The technique mainly relies on price historical data you can generate with specific technical analysis tools. It comes with enough flexibility to use the strategy either as a stand-alone tactic or in conjunction with other techniques or technical indicators.

If you are not involved in learning much, this option is a good pick, as it does not or seldom requires using fundamentals. At the same time, traders are supposed to stay in touch with substantiating factors, market insights, and major economic events.

Major characteristics:

  • Trade length – the length of trade can vary from short-term and medium to long-term timeframes. This fact makes it perfect for traders with different styles and backgrounds.
  • Entry/Exit Points – you will need to determine the support and resistance levels using different methods. They involve such popular indicators as Fibonacci retracement, candlesticks, oscillators, etc.
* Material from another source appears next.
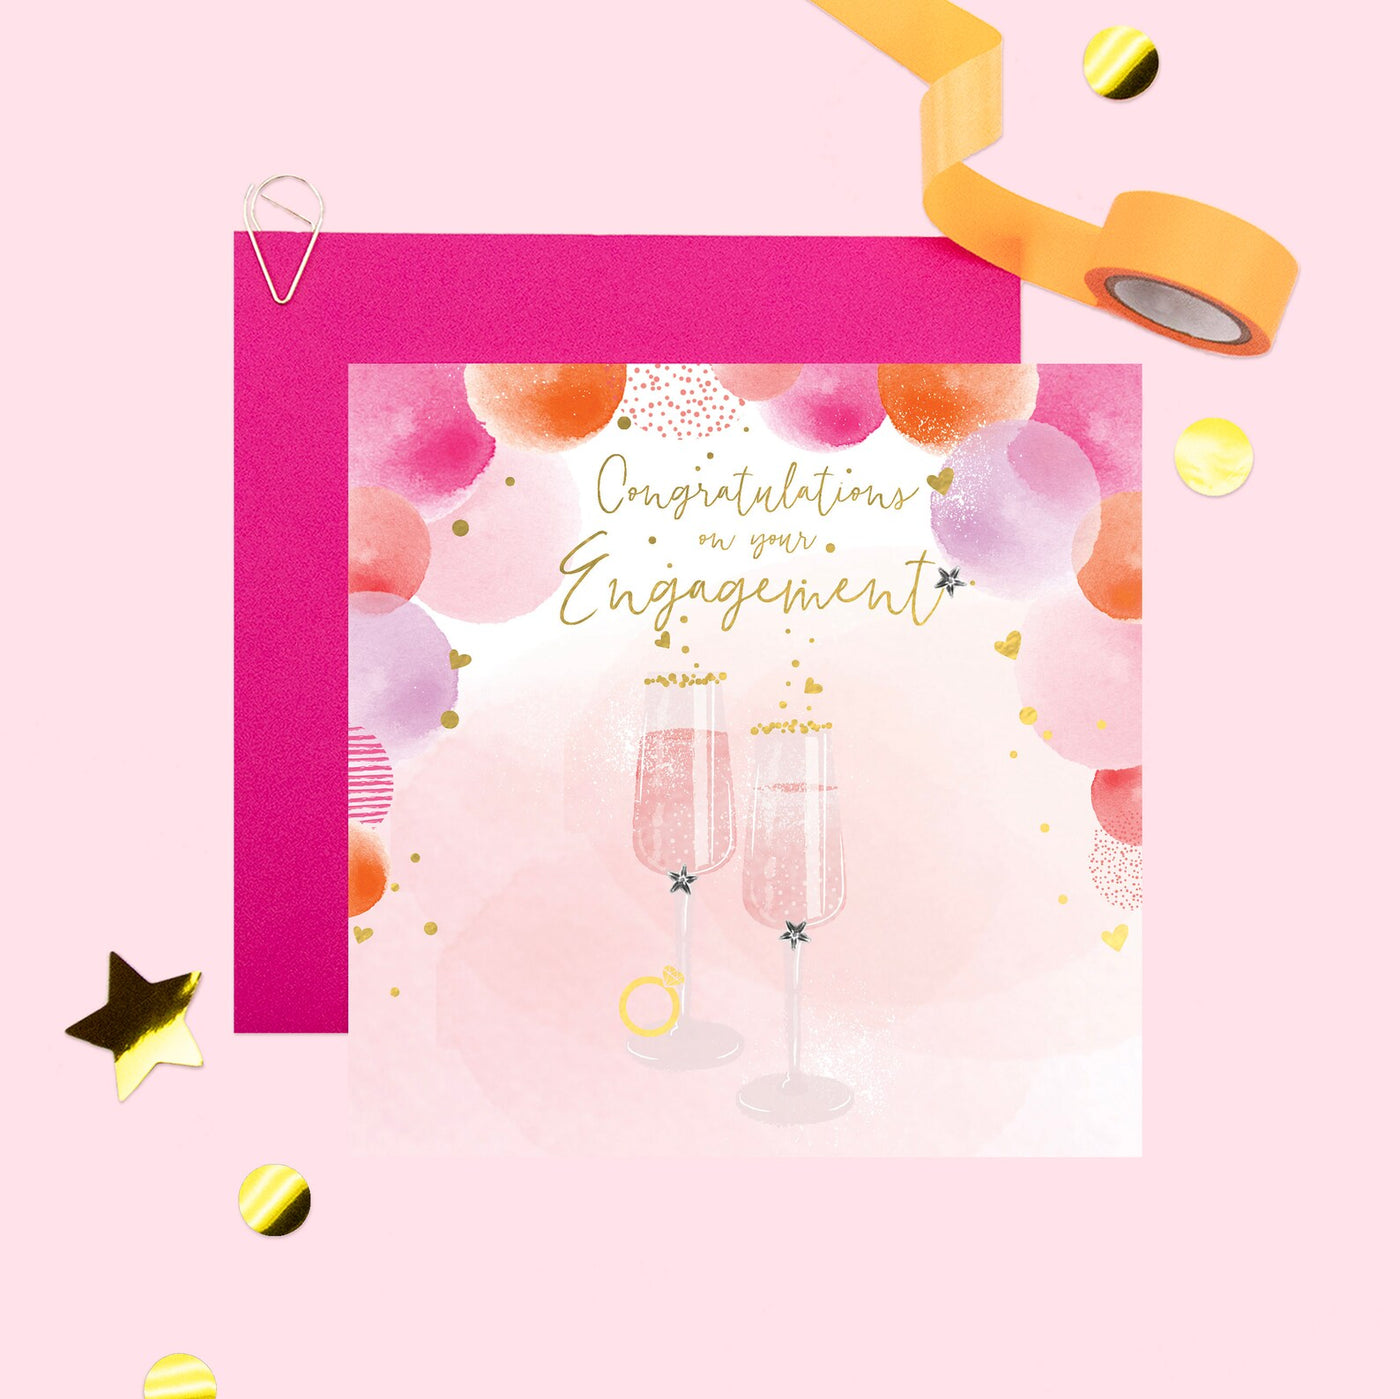 Congratulations on your Engagement Balloons & Champagne Card

#2. Range Trading Strategy

Just as in the previous techniques, here you will also need to identify the support and resistance levels, as the trade is supposed to be placed around these baseline levels. These currency trading strategies can be a good option for the market with the discernible trend and low volatility. If you decide to use it, you will have to rely mainly on technical analysis.

Major characteristics:

  • Trade length – you will not find a predefined length for range trading. It can fit any timeframe, which also adds flexibility. The integral part of trading is risk management considering the possibility of breakouts taking place.
  • Exit/Entry points – as major timing tools you will need oscillators such as RSI, CCA, and others.

The strategy has specific pros and cons you need to keep in mind.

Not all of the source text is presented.